#### Try it
Take the line that contains "Olive Waxed Cotton" and each one after it through the last line below, and retype them exactly. Leave out the pictures.

#### Supplied data
# # # # #
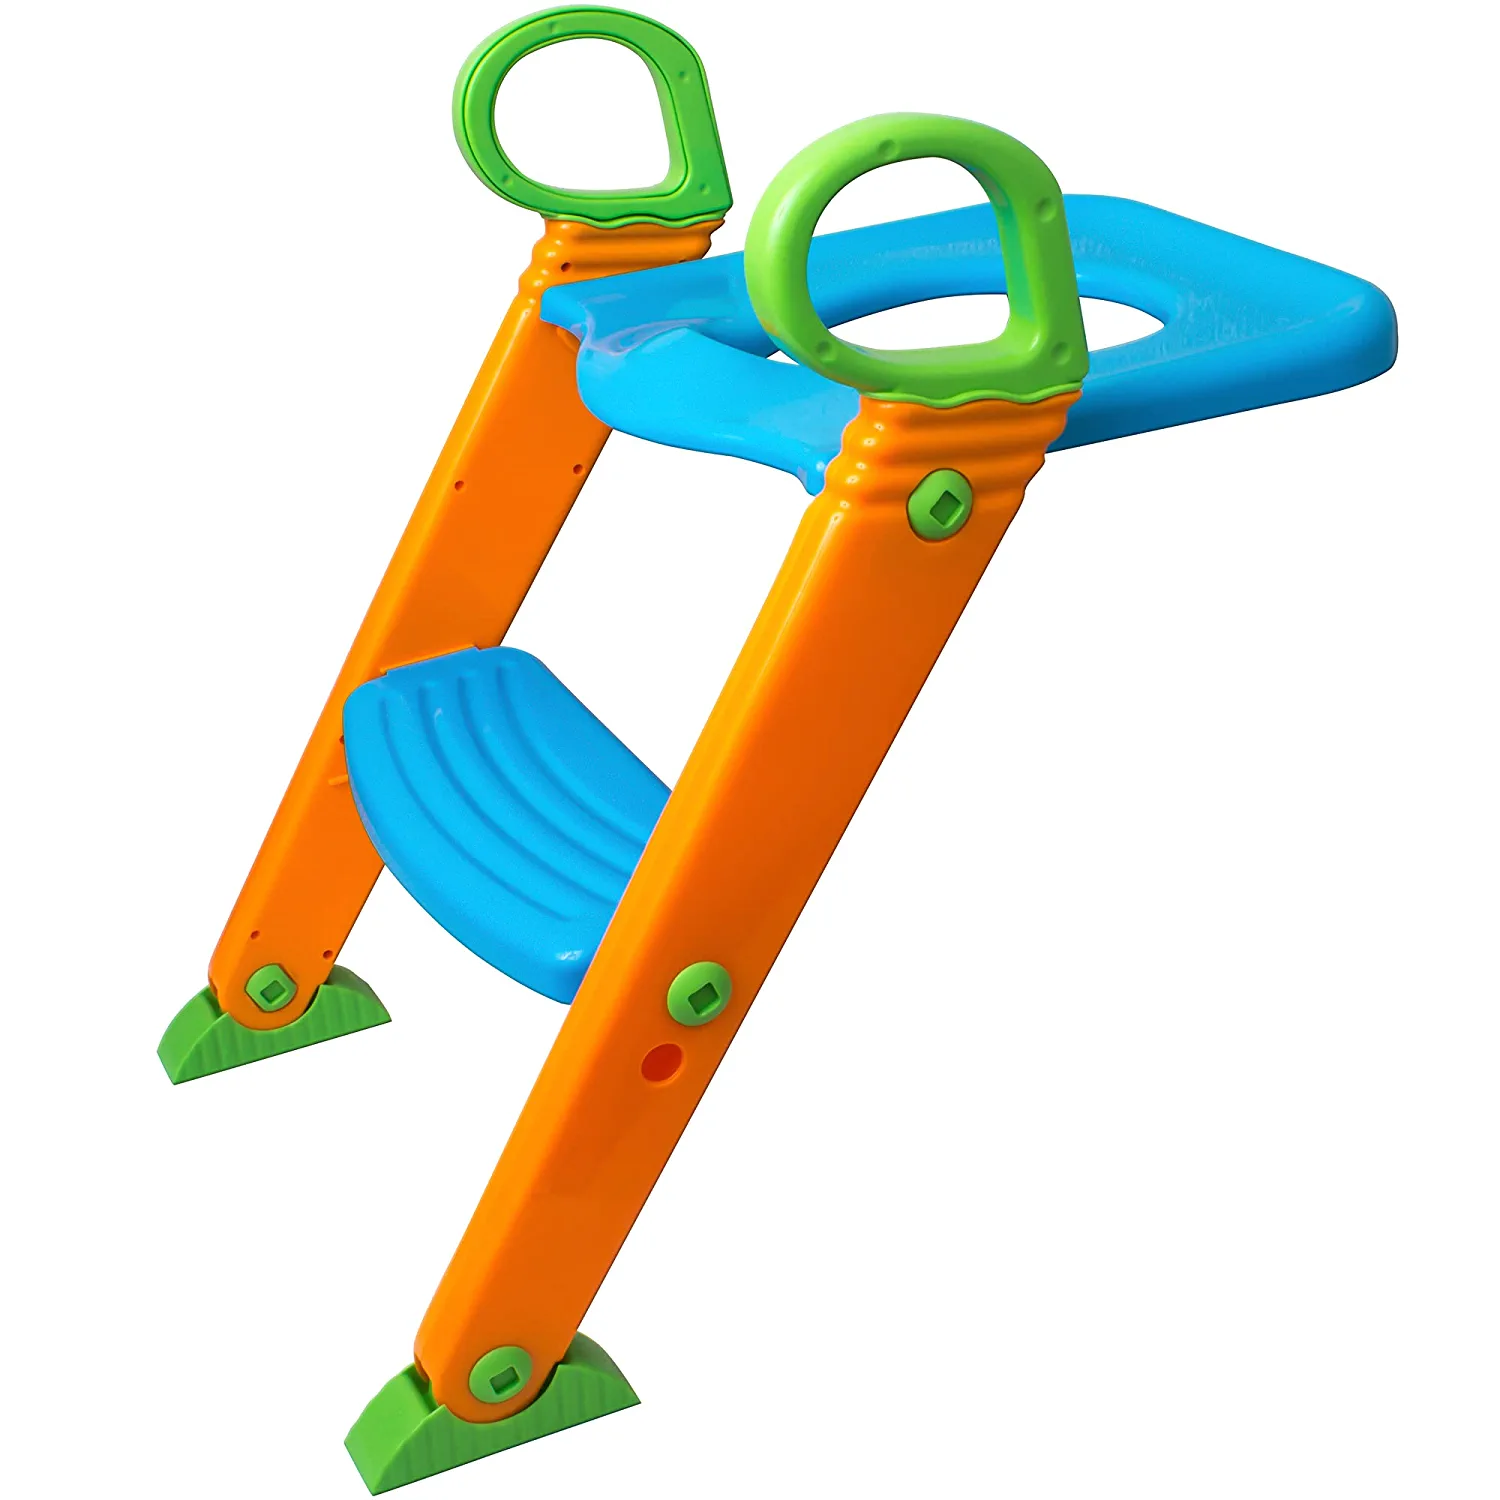 Kazoo Kids Foldable Potty Training Seat with Ladder for Toddlers Unisex - image 1 of 7
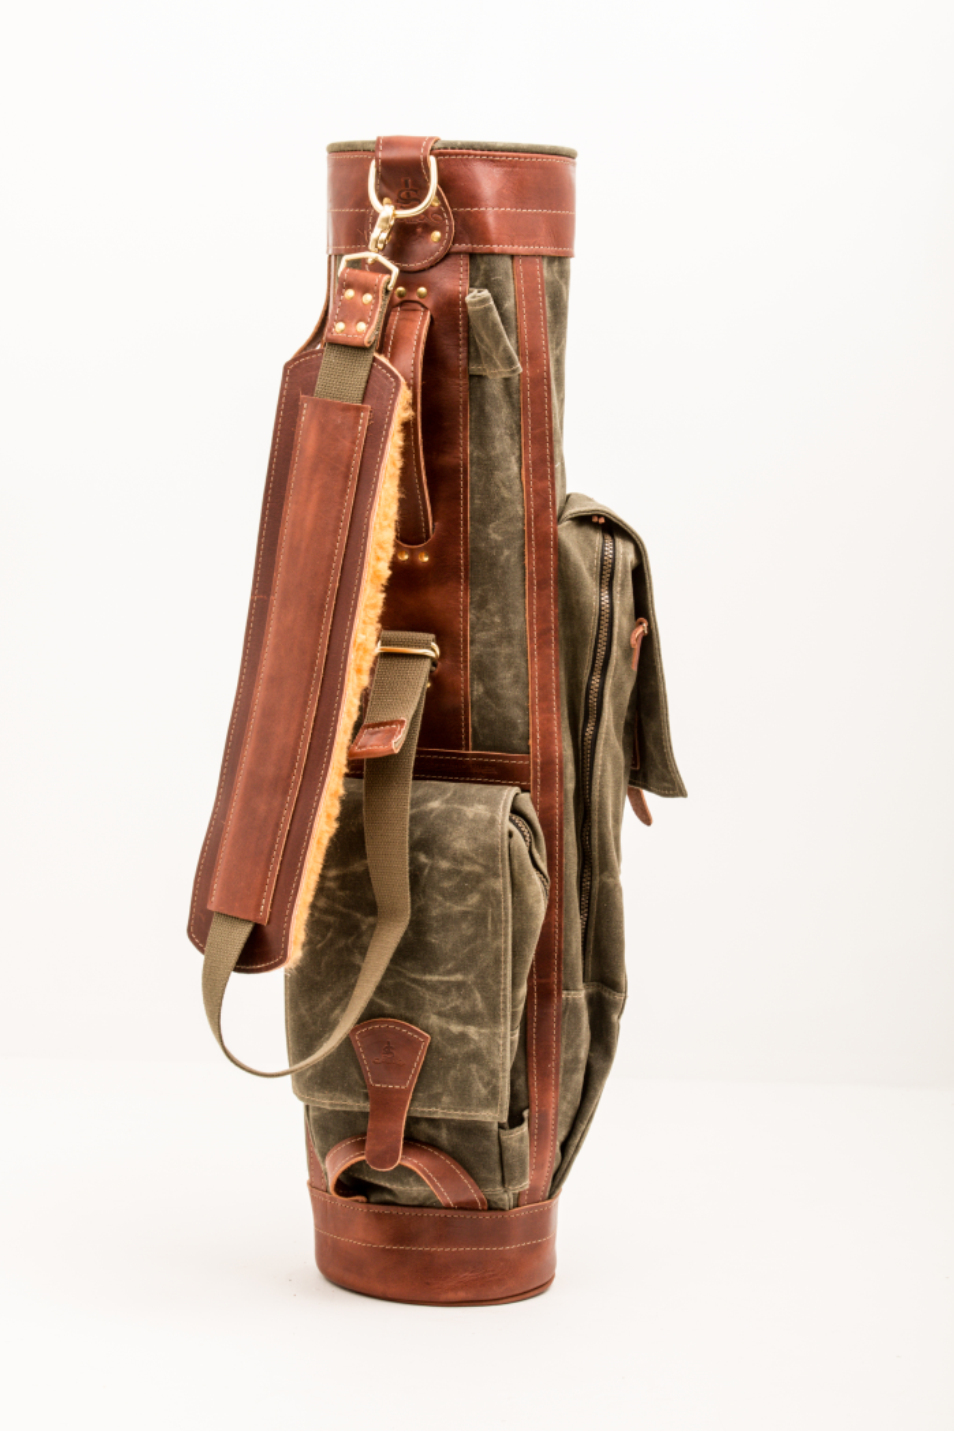 Olive Waxed Cotton Duck Canvas with Chestnut Leather Trim  8" Airliner Tour Style Golf Bag
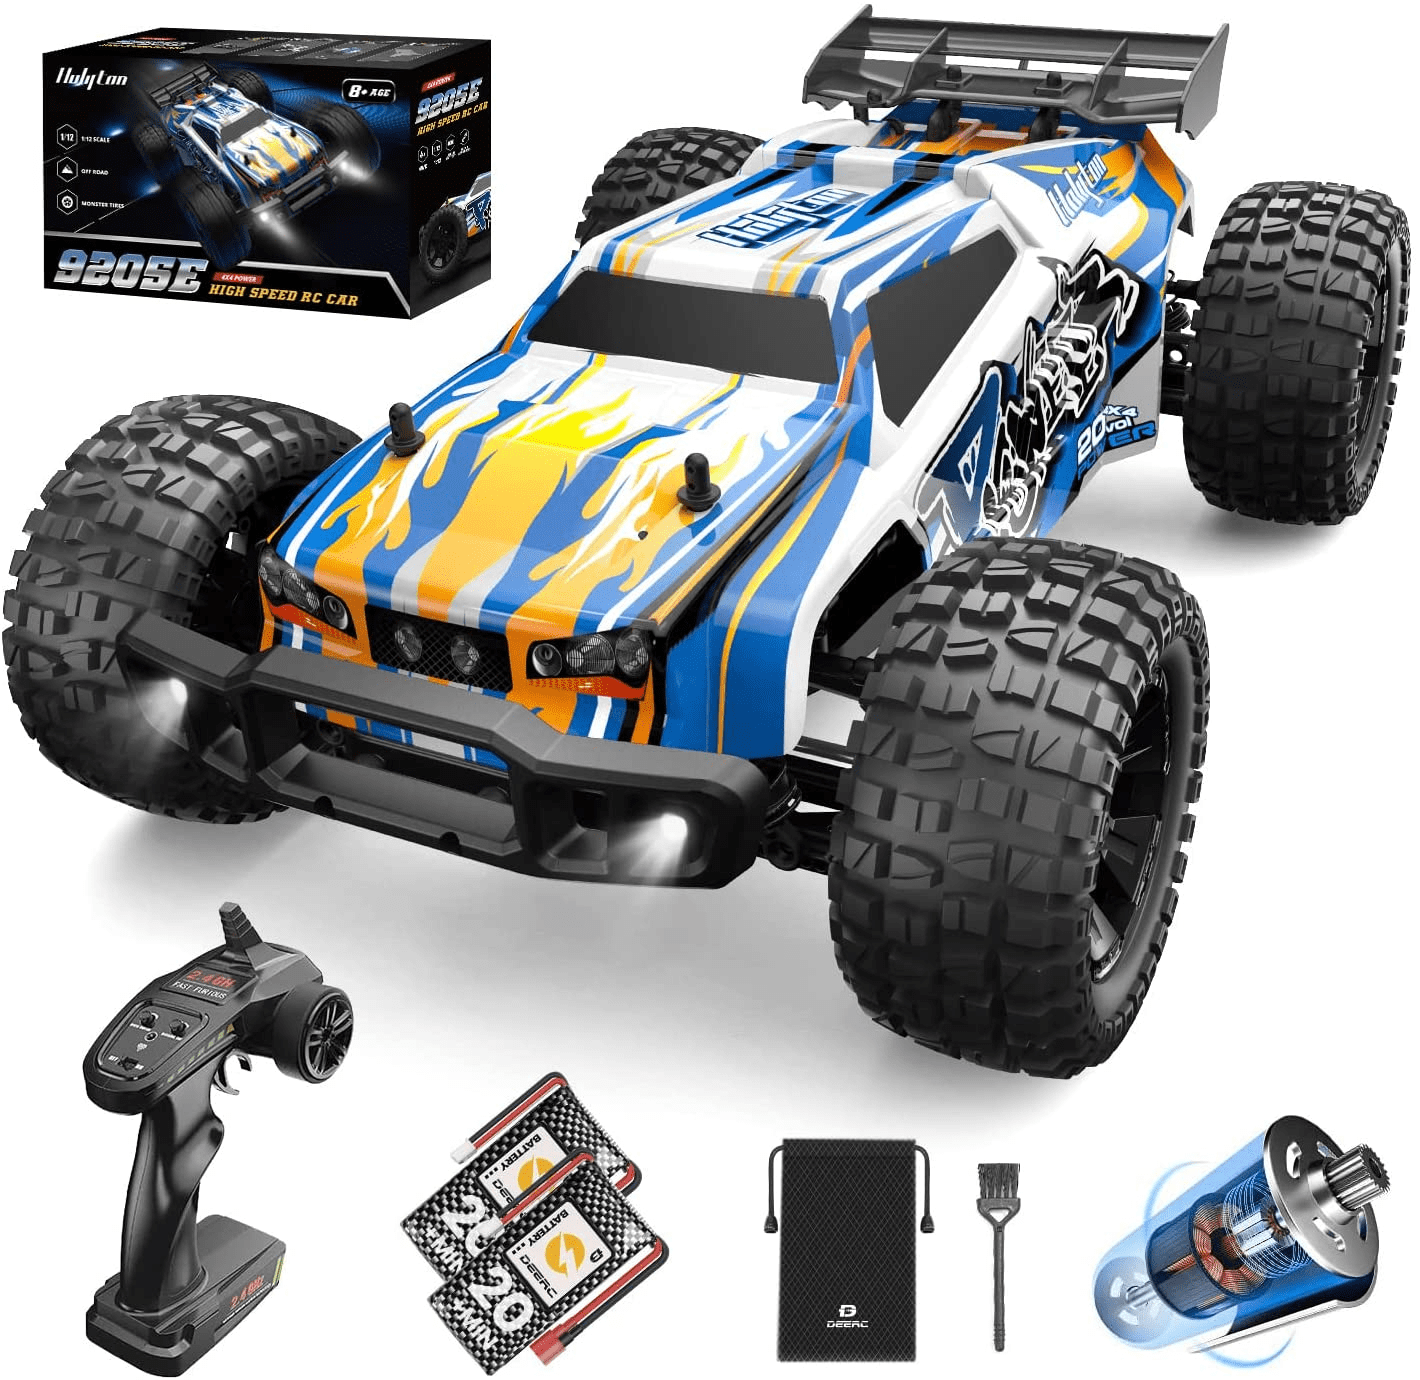 Coedfa RC Military Truck 1:16 Run for 20mins Car Toy Off-Road Sport Cars Toys 2.4G 4WD with 8 Tires Rock Crawler Vehicle Gifts with Transmitter Control for Kids Children USB Charged
# # # # #
#### Result for this task
 Olive Waxed Cotton Duck Canvas with Chestnut Leather Trim  8" Airliner Tour Style Golf Bag
 Coedfa RC Military Truck 1:16 Run for 20mins Car Toy Off-Road Sport Cars Toys 2.4G 4WD with 8 Tires Rock Crawler Vehicle Gifts with Transmitter Control for Kids Children USB Charged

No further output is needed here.